TENANTS HARBOR — Kathleen Fox discusses her research and writing in a presentation entitled “Finding Your Roots is Not Always What You Expected” Friday, April 29, at 5 p.m. at Jackson Memorial Library, 71 Main St. Writing as Kathleen A. Earle, her “An Early History of the Wyoming Valley: The Yankee-Pennamite Wars & Timothy Pickering” releases April 18 through Arcadia Publishing. Fox chose to use her maiden name, “Earle,” as the book resulted from her search for Earle ancestors over the past few decades.

“Imagine my surprise when I found out [my ancestors] kidnapped a prominent Pennsylvania official, Timothy Pickering,” she said. “But the story is a good one, so I wrote a book about it. The Earles play a very minor part, but the time and events are fascinating.”

When Connecticut Yankees began to settle the Wyoming Valley in the 1760s, both the local Pennsylvanians and the powerful native Haudenosaunee (Iroquois) strenuously objected. The Connecticut Colony and William Penn had been granted the same land by King Charles II of England, resulting in the instigation of the Yankee-Pennamite Wars. In 1788, during ongoing conflict, a band of young Yankee ruffians abducted Pennsylvania official Timothy Pickering, holding him hostage for 19 days. Some kidnappers were prosecuted, and several fled to New York’s Finger Lakes as the political incident motivated state leaders to resolve the fighting. Bloody skirmishes, the American Revolution and the Sullivan campaign to destroy the Iroquois all formed the backdrop to the territorial dispute. Earle (Fox) covers the early history of colonial life, war and frontier justice in the Wyoming Valley.

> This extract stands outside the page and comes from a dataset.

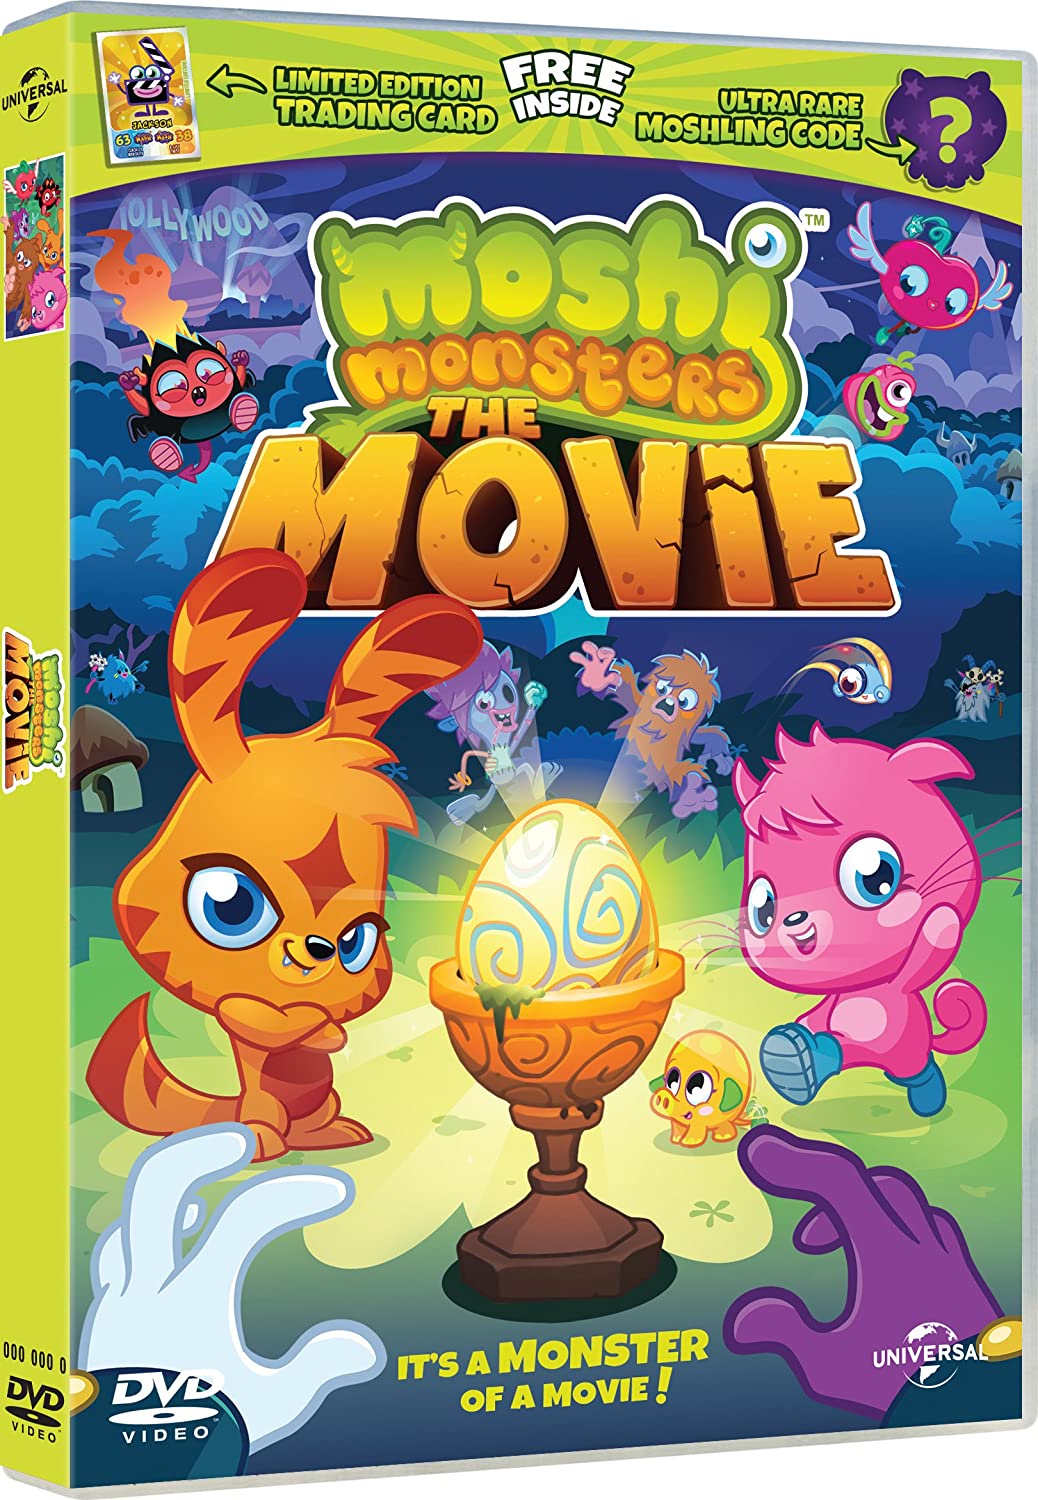 Moshi Monsters mit Sammelkarte und Moshling-Code [2013] [DVD]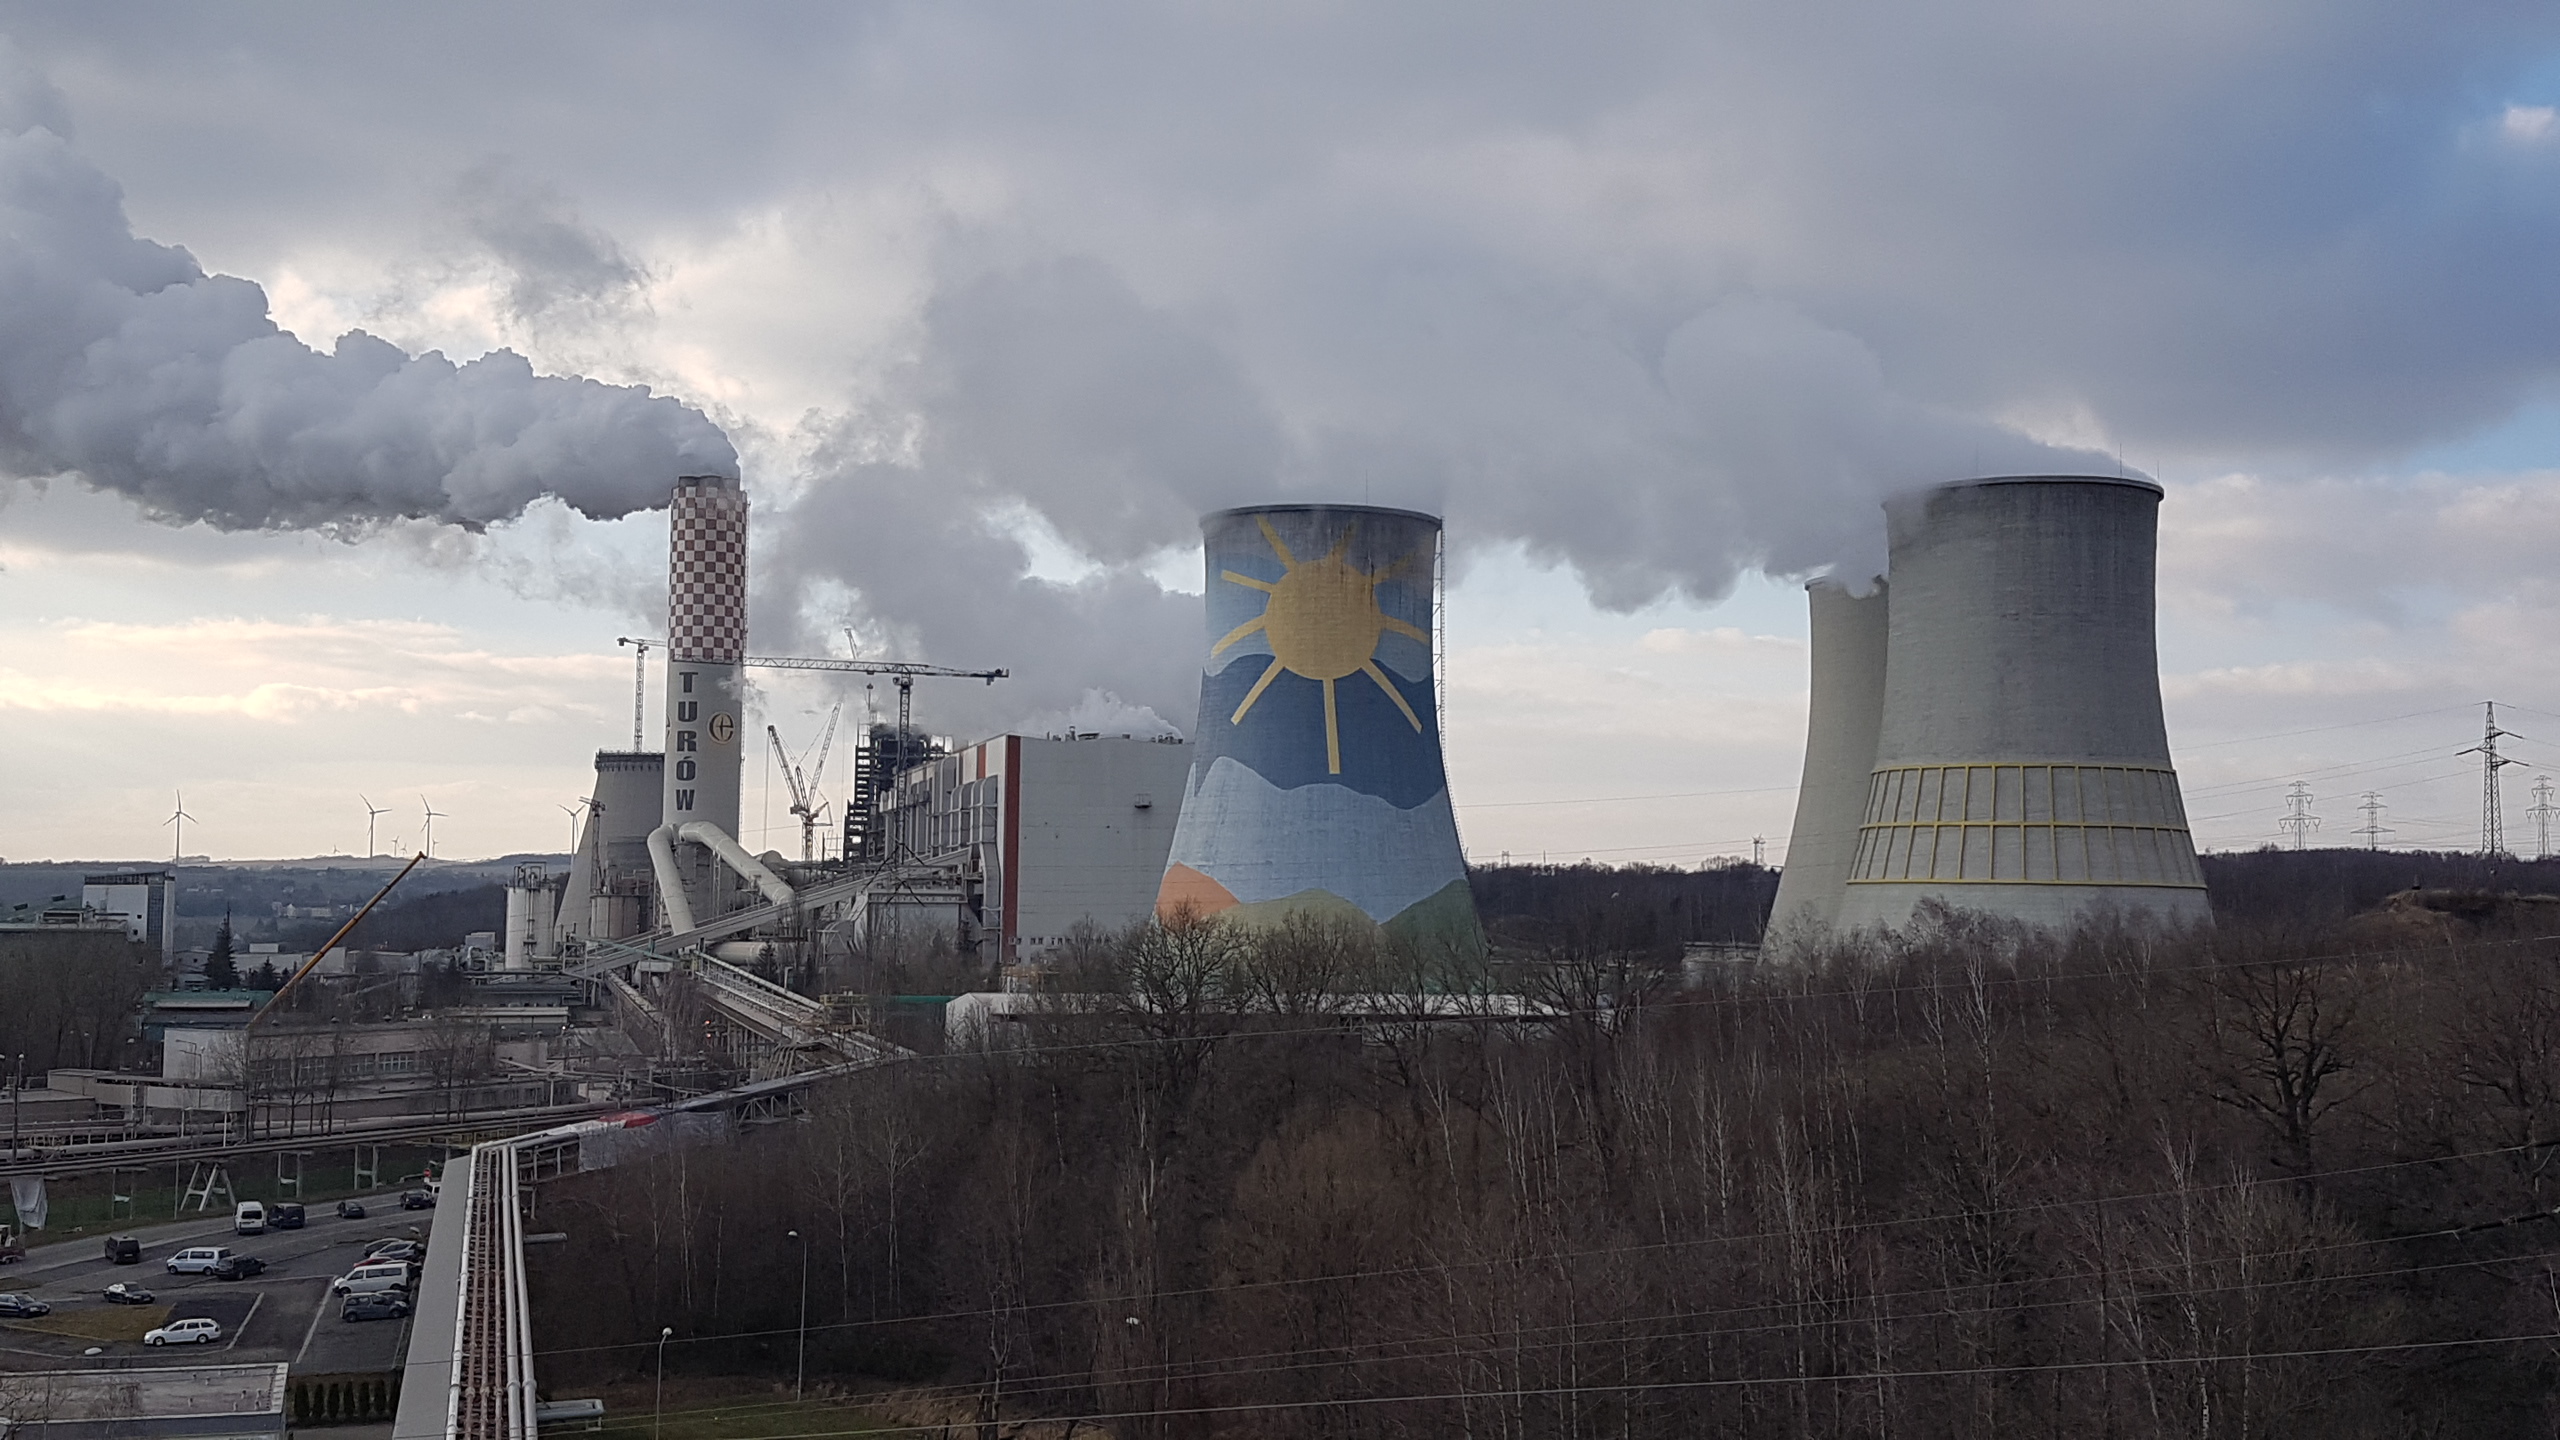 Elektrownia Turów, Przemiałownia - Bogatynia 2018

Fox is an artist and native New Yorker whose ancestral roots go back to Pennsylvania. She is an author, artist, former professor and former director of research at the National Indian Child Welfare Association in Portland, Ore. She attended Cornell University and the Rockefeller College of the State University of New York–Albany, where she received a PhD in 1996. She has written and illustrated several award-winning children’s books and many peer-reviewed articles in the areas of mental health and child abuse. For several years, she taught at the University College Center in Rockland. She lives in Tenants Harbor with her husband, Stan.